**Collected material:**
>>>>>

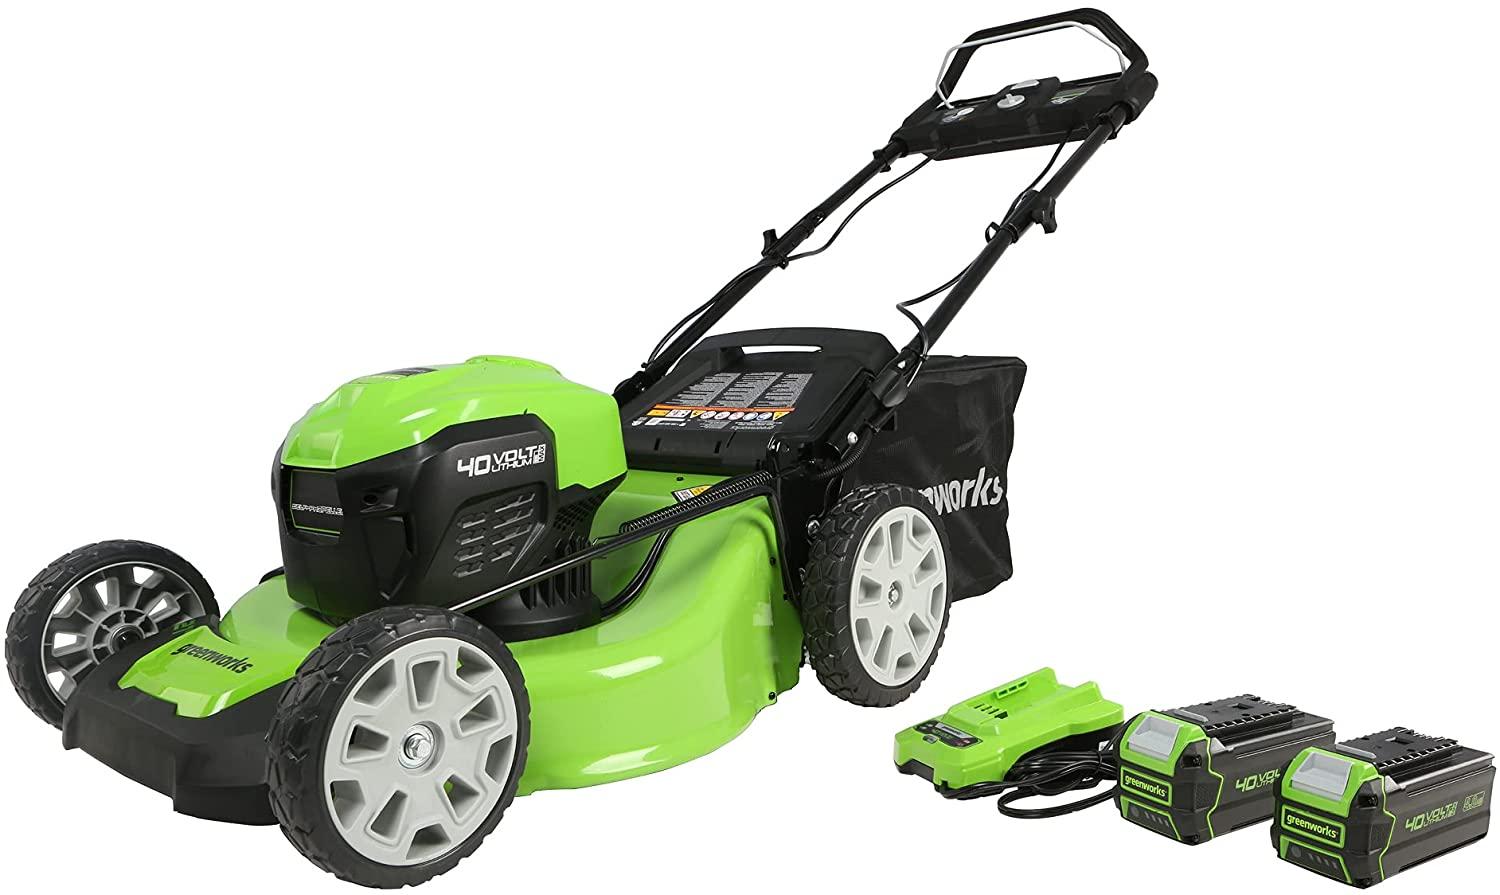 Greenworks 40V 21in Brushless Lawn Mower with Batteries for $370.99 Shipped
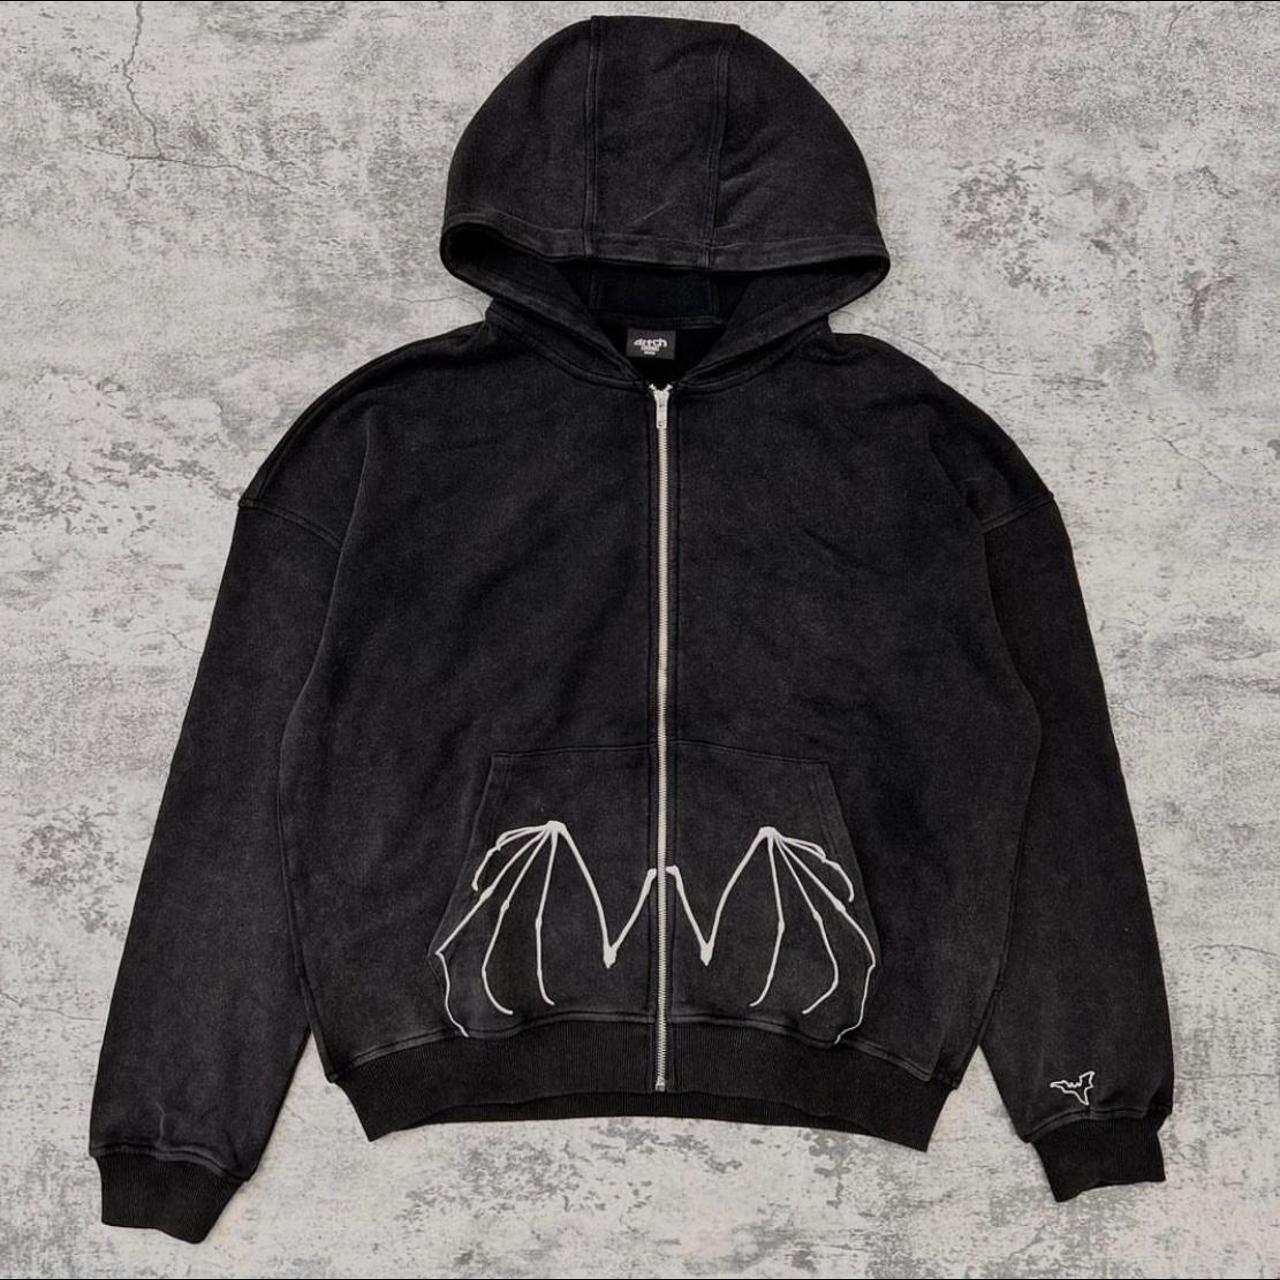 ditchla bat wing zip up (limited
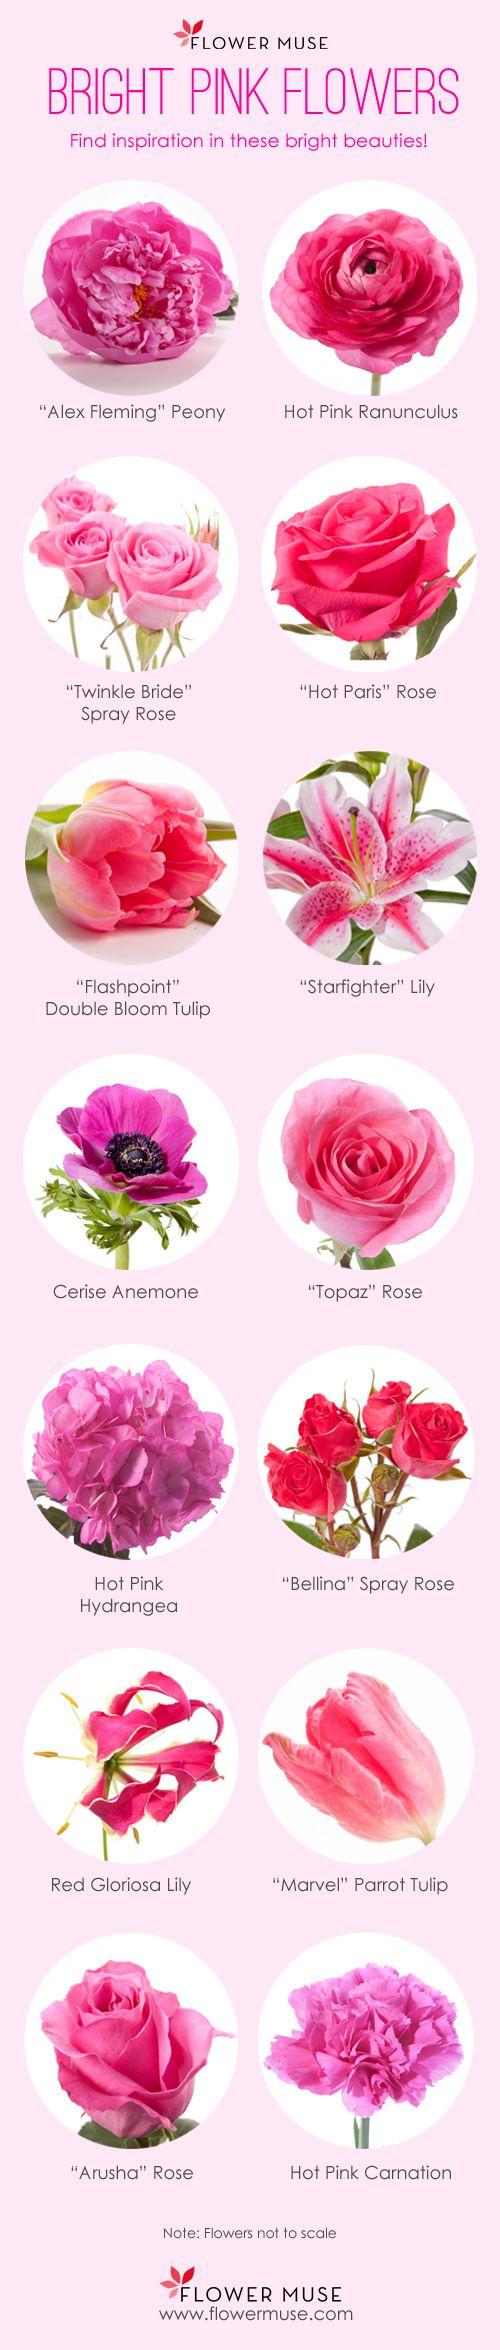 Mariage - Our Favorite: Bright Pink Flowers - Flower Muse Blog

<<<<<

Copy the data in full. No pictures belong in the copy.

**Task answer:**
 Greenworks 40V 21in Brushless Lawn Mower with Batteries for $370.99 Shipped
 ditchla bat wing zip up (limited
 Mariage - Our Favorite: Bright Pink Flowers - Flower Muse Blog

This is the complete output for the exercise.